Sunday, December 20, 2009

710 Freeway tunnel would be feasible, Caltrans study finds

Traffic backs up on Valley Boulevard in Alhambra. A tunnel could eventually connect the 710 to the 605, the 210 or the 2. (Gary Friedman / Los Angeles Times),0,3597542.story

The preliminary survey examines five proposed underground areas for the final phase of the freeway and presents the challenges of each. Public hearings will be held before the report is finalized.

A long-awaited geological study for a proposal to complete the 710 Freeway as a tunnel under either the San Gabriel Valley or northeast Los Angeles found that such a project would be scientifically feasible.

The findings mark a small step in what even supporters say is a long road for the tunnel idea, which was proposed by transportation officials and some politicians after residents fought for decades against completing the 710 as an above-ground freeway.

The tunnel has also generated opposition, and building it would be significantly more expensive than a regular freeway.

The 710 ends in Alhambra, just north of the 10 Freeway. Planners originally envisioned that it would go through South Pasadena and Pasadena to link with the 210 Freeway.

Transportation officials began studying areas in five directions from the end of the freeway in January of last year.

Those zones stretch east to the 605 Freeway, north to the 210 Freeway, and west to the 2 Freeway.
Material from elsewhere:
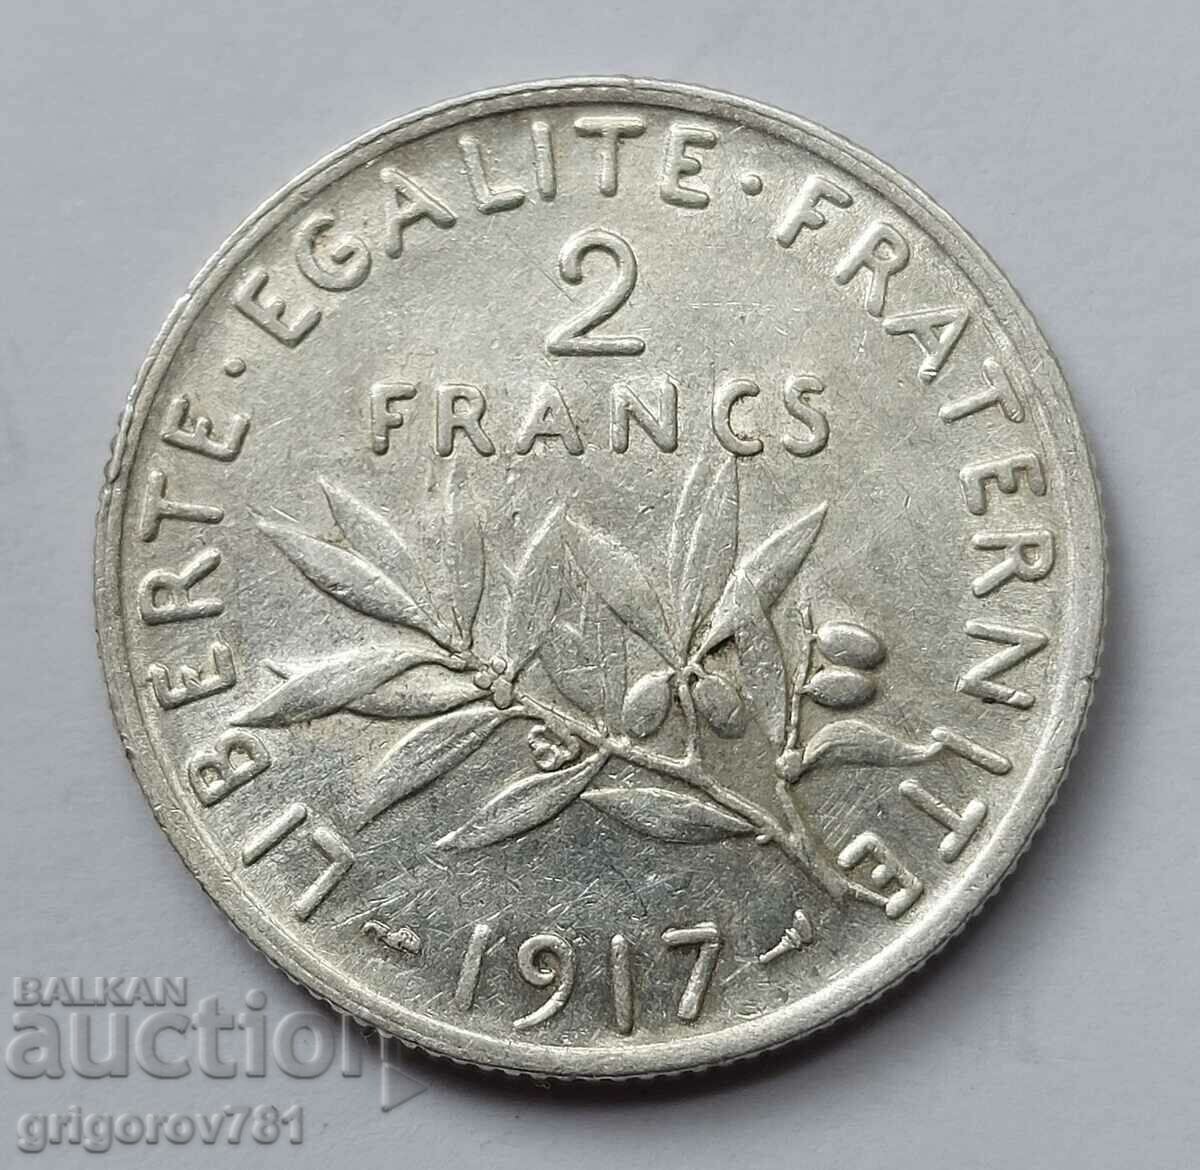 2 Francs Silver France 1917 - Silver Coin #97

The study, which is still in draft form, will not be finalized until early 2010, after a series of public meetings are held, said officials with the California Department of Transportation.

Abdi Saghafi, the Caltrans project manager for the 710 corridor, said the study did not favor one particular zone over another, but rather presented issues, challenges and conditions of each.

It was based on the assumption that the tunnel would be about 200 feet below ground and about 50 feet in diameter.

The study researched issues such as faults and seismic activity, groundwater conditions and the presence of hazardous materials, among others.

Some of the findings for each zone, according to the study, are:

Zone 1 (Northeast L.A.): There is one Superfund site in the northwest portion of the zone which could be a source of contaminated soil and groundwater in the tunnel.

There is also a possibility of encountering naturally occurring gases such as methane and hydrogen sulfide.

There are no active faults in the zone.

Zone 2 (Northeast L.A.): The active Raymond fault crosses the zone and there is also the potential of encountering naturally occurring gases.

Some soil and groundwater contamination could result in hazardous materials being encountered.

Zone 3 (South Pasadena/Pasadena): The Raymond and San Rafael faults are groundwater barriers in this area, and there is one active and two potentially active faults in the area.

There are two places with minor soil contamination in the northern limits of the zone.

Zone 4 (San Marino/Pasadena): Active faults that cross the zone are the Raymond and Alhambra Wash faults.

There is one Superfund site in the southwestern end of the zone.

There are also six other sites with various levels of soil contamination.

Zone 5 (Alhambra/San Gabriel/Temple City): The active Alhambra Wash fault is in this zone and so are the perennial Rio Hondo and San Gabriel rivers.

There is one Superfund site in the south-central portion of the zone and seven other sites with various levels of soil and groundwater contamination.